You can mount different subdirectories of the same PVC using subPath.

  1. Create an example deployment.yaml:

    apiVersion: apps/v1
    kind: Deployment
    metadata:
    name: demo-app
    spec:
    replicas: 1
    selector:
        matchLabels:
        app: demo
    template:
        metadata:
        labels:
            app: demo
        spec:
        containers:
            - name: web
            image: nginx
            volumeMounts:
                - name: shared-data
                mountPath: /var/www/html
                subPath: html
                - name: shared-data
                mountPath: /var/log/nginx
                subPath: logs
        volumes:
            - name: shared-data
            persistentVolumeClaim:
                claimName: shared-fs-pvc
  2. Apply it using kubectl:

    kubectl apply -f deployment.yaml

    The Deployment mounts:

    • /var/www/html as subdirectory html inside the PVC
    • /var/log/nginx as subdirectory logs inside the PVC

Directory creation and permissions

If a specified `subPath` directory does not exist, Kubernetes will create it with **root ownership**, which may cause permission issues for non-root containers.

To control directory ownership, you can:

  • Pre-create directories using an initContainer
  • chown them in an initContainer
  • Run your main container as a user who already has access

Example initContainer:

initContainers:
  - name: init-permissions
    image: busybox
    command: ["sh", "-c", "mkdir -p /data/html /data/logs && chown -R 1000:1000 /data"]
    volumeMounts:
      - name: shared-data
        mountPath: /data

Multi-container Pod example

A common pattern is to have multiple containers inside the same Pod, each mounting a different directory of the same Scaleway File Storage PVC. This allows shared storage while keeping each component's data logically separated.

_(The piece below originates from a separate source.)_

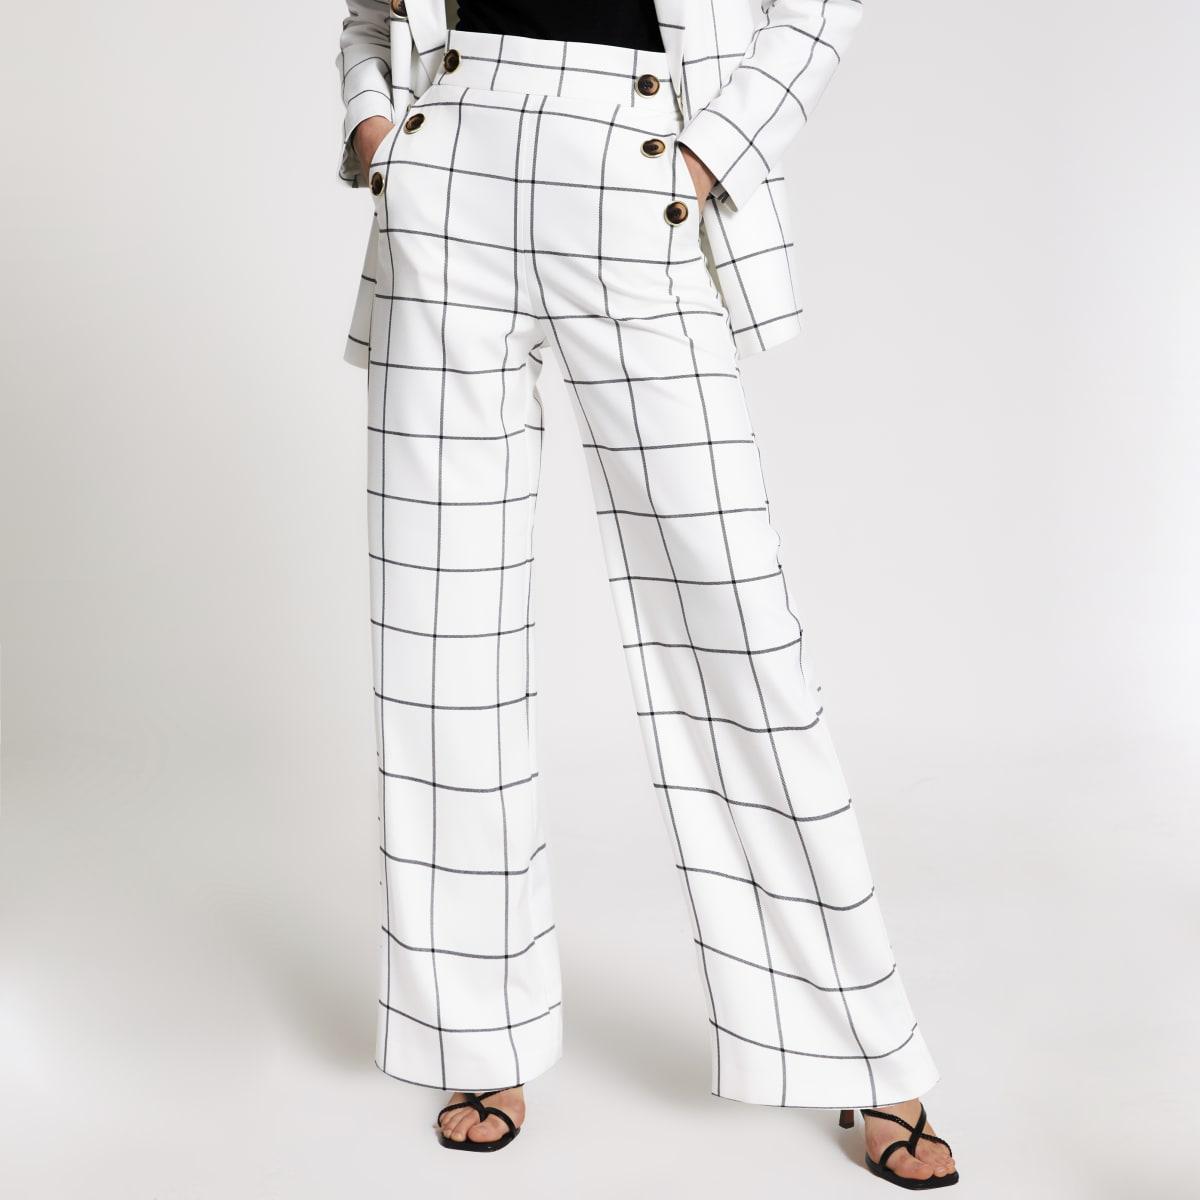 Crèmekleurige geruite broek met wijde pijpen en knopen voor

Example: We have two web + worker containers sharing one PVC using different subPath values.

apiVersion: v1
kind: Pod
metadata:
  name: multi-container-demo
spec:
  containers:
    - name: web
      image: nginx
      volumeMounts:
        - name: shared-data
          mountPath: /usr/share/nginx/html
          subPath: frontend

    - name: worker
      image: busybox
      command: ["sh", "-c", "while true; do echo 'worker running' >> /data/logs/worker.log; sleep 5; done"]
      volumeMounts:
        - name: shared-data
          mountPath: /data/logs
          subPath: worker-logs

  volumes:
    - name: shared-data
      persistentVolumeClaim:
        claimName: shared-fs-pvc

Apply the configuration using kubectl apply -f pod.yaml.

  • The web container serves files from the frontend directory on the PVC.
  • The worker container writes logs into the worker-logs directory.

Both containers use the same File Storage volume, but their data stays cleanly separated.

Optional: Prepare subdirectories

If you want to ensure directories exist with correct permissions, add an initContainers to your configuration:

```yaml
initContainers:
- name: init-folders
    image: busybox
    command: ["sh", "-c", "mkdir -p /data/frontend /data/worker-logs && chmod -R 755 /data"]
    volumeMounts:
    - name: shared-data
        mountPath: /data
```

Cleaning up

Remove the deployment:

kubectl delete -f deployment.yaml

Remove the PVC:

kubectl delete -f pvc.yaml

This will delete the Scaleway File Storage volume as well.